### INSTRUCTIONS FOR THE TASK
Apart from the images, output the data below exactly.

### PROVIDED DATA
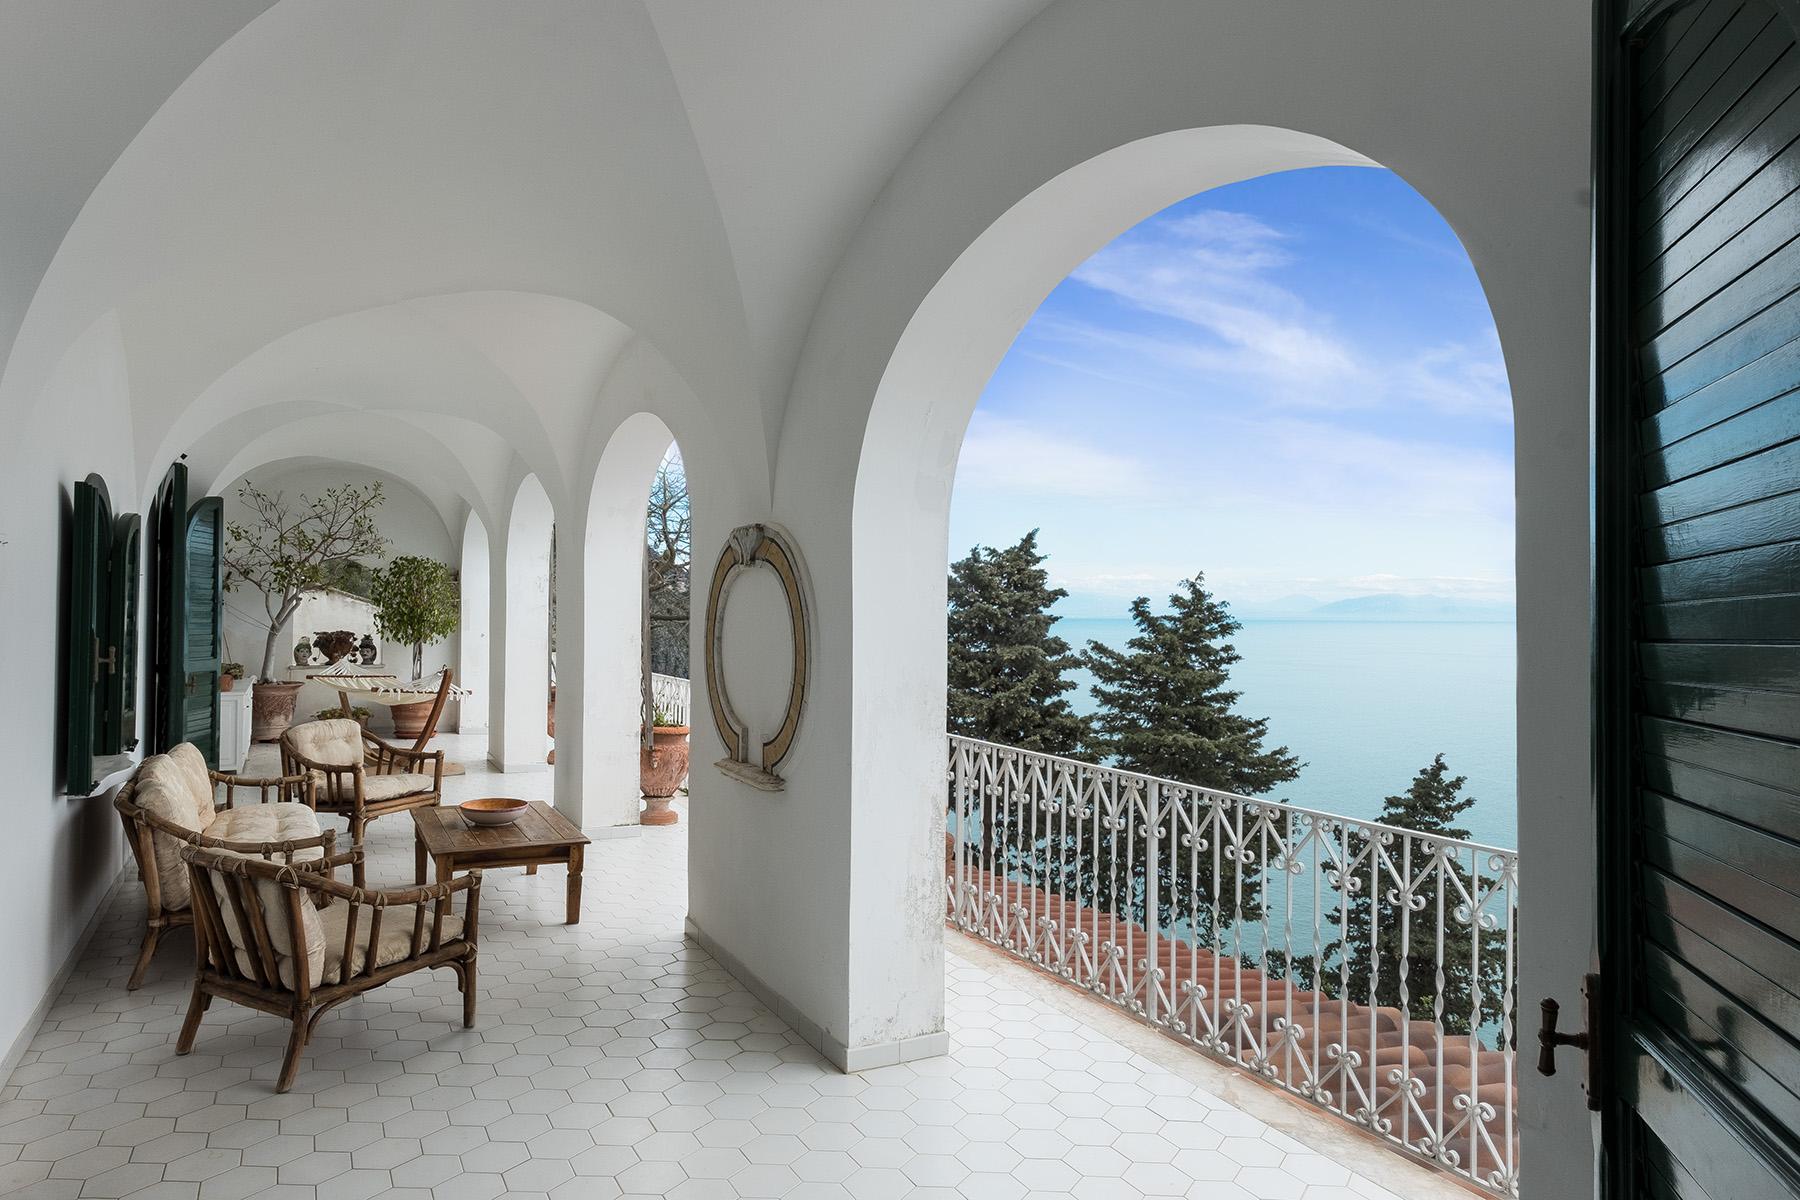 Casa indipendente in Vendita a Praiano: 4 locali, 250 mq - Foto 7
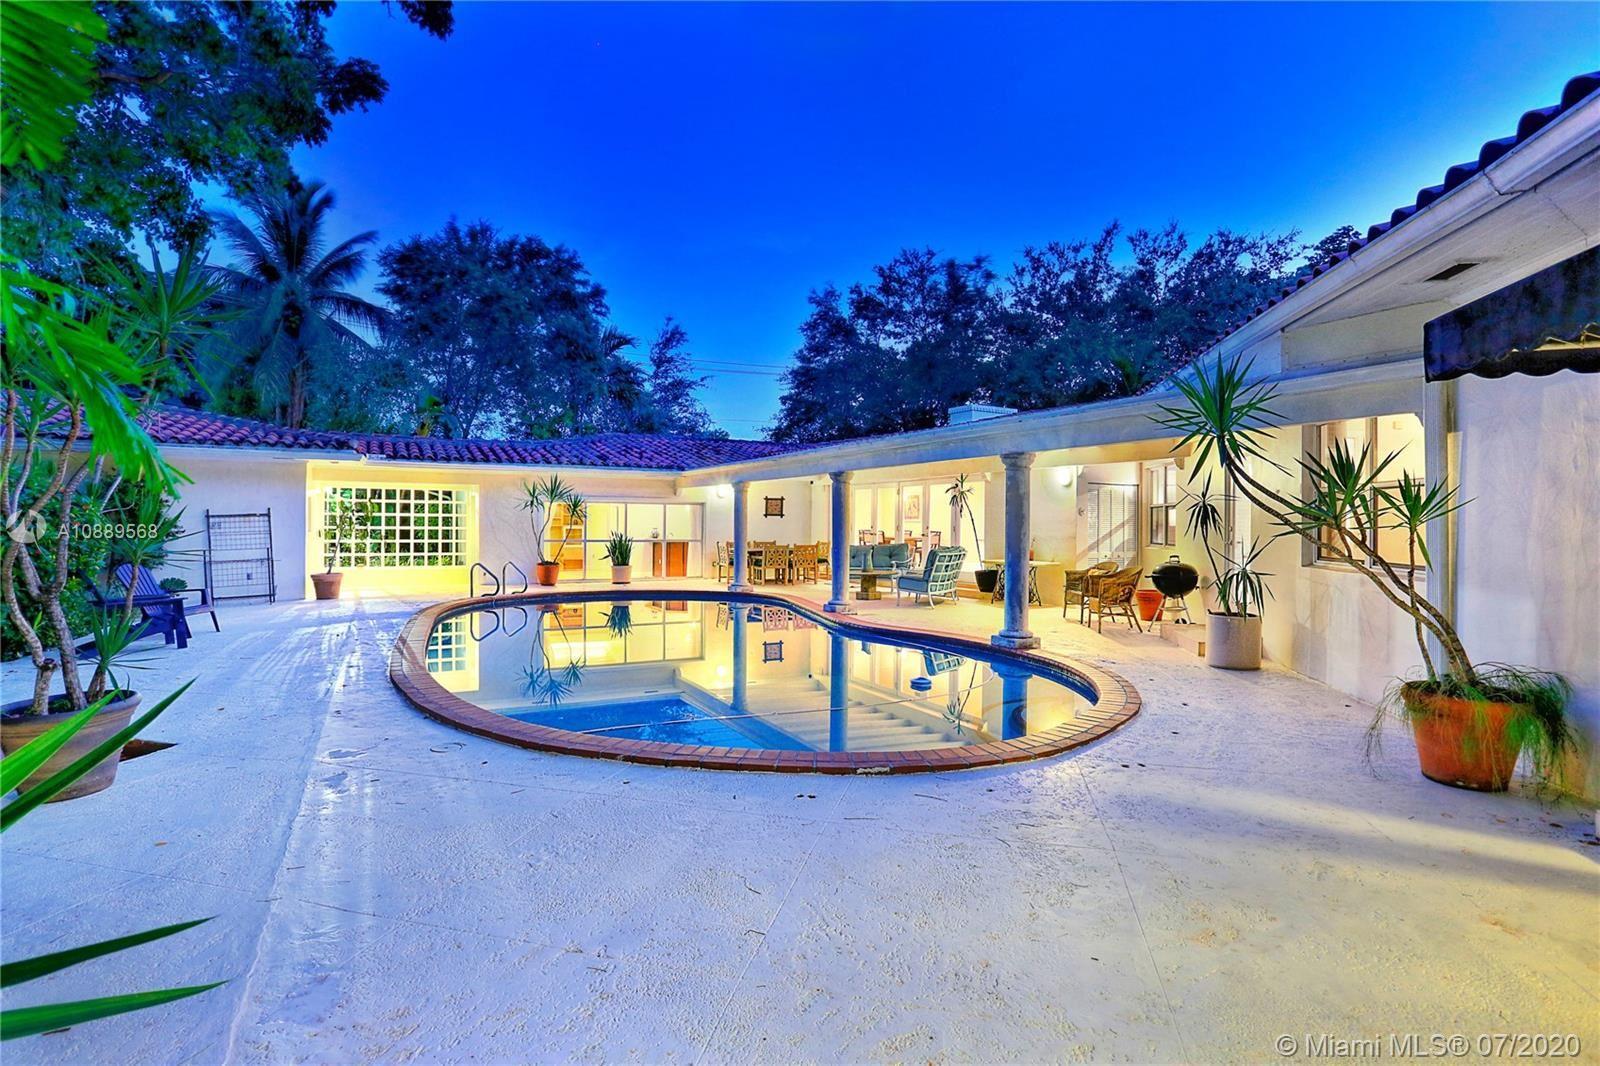 5409 Riviera Dr, Coral Gables, FL 33146 - #: A10889568
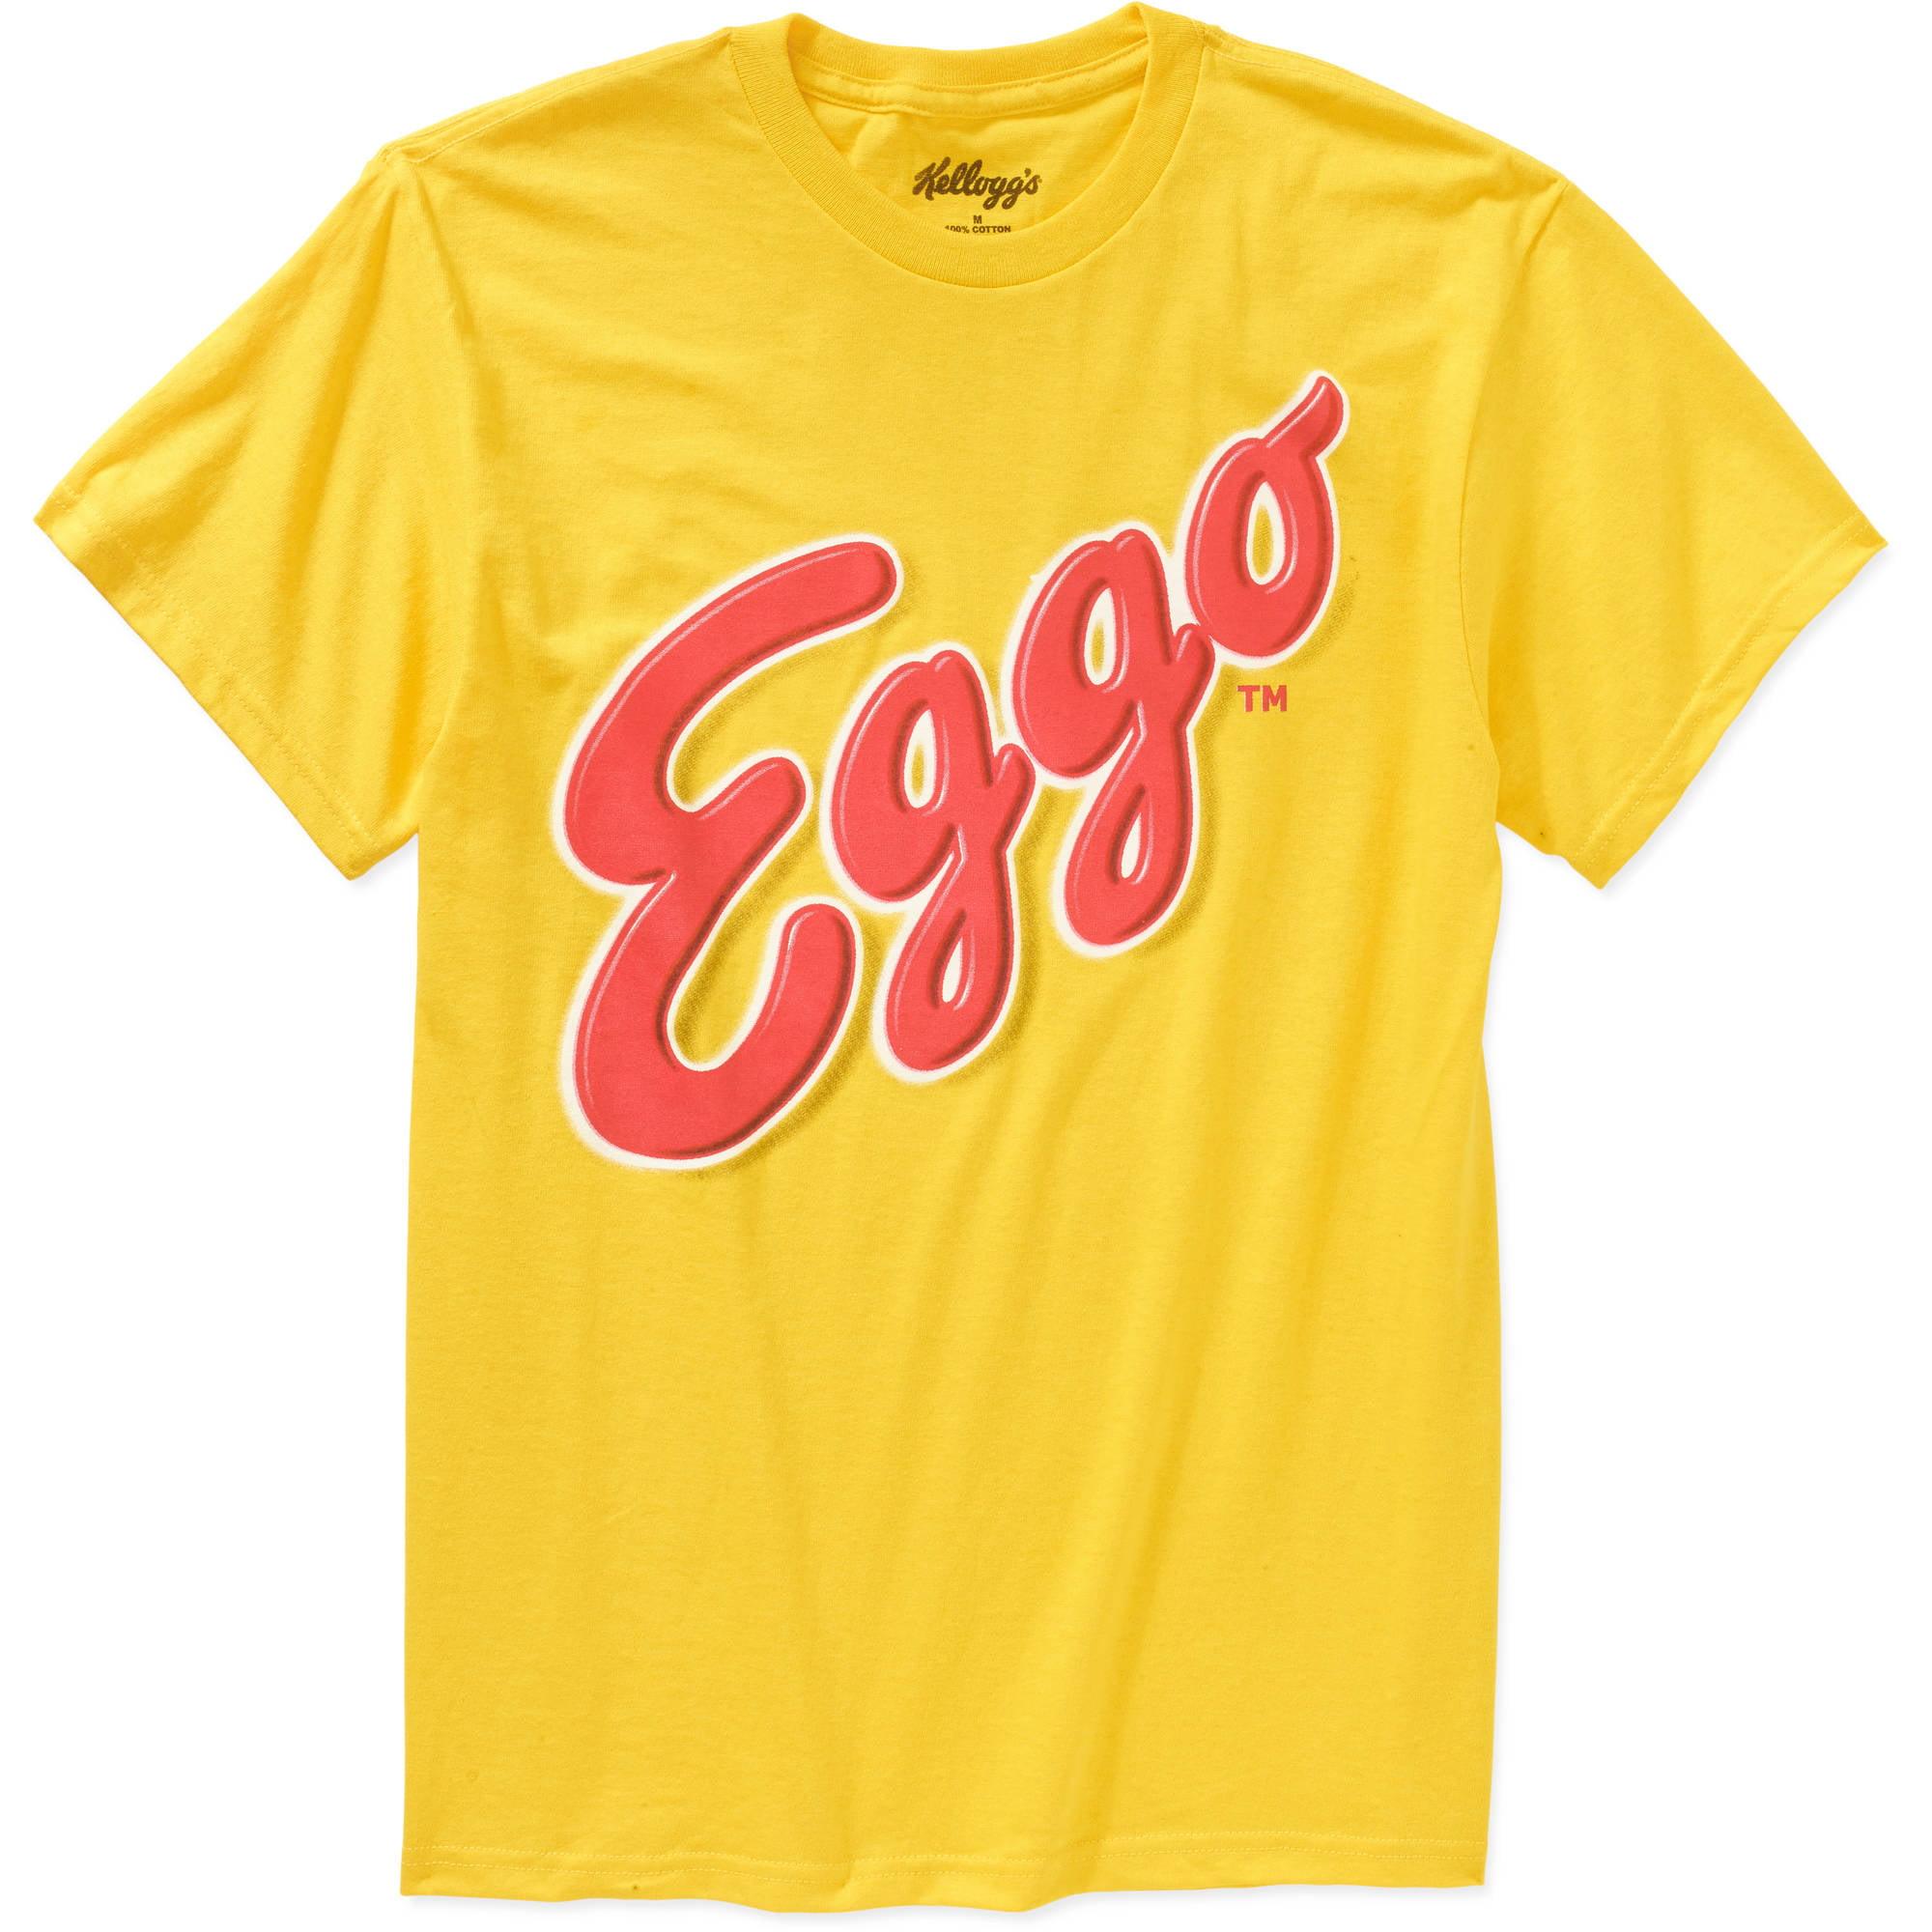 Eggo Logo Big Men's Graphic Tee

### WRITTEN REPLY
 Casa indipendente in Vendita a Praiano: 4 locali, 250 mq - Foto 7
 5409 Riviera Dr, Coral Gables, FL 33146 - #: A10889568
 Eggo Logo Big Men's Graphic Tee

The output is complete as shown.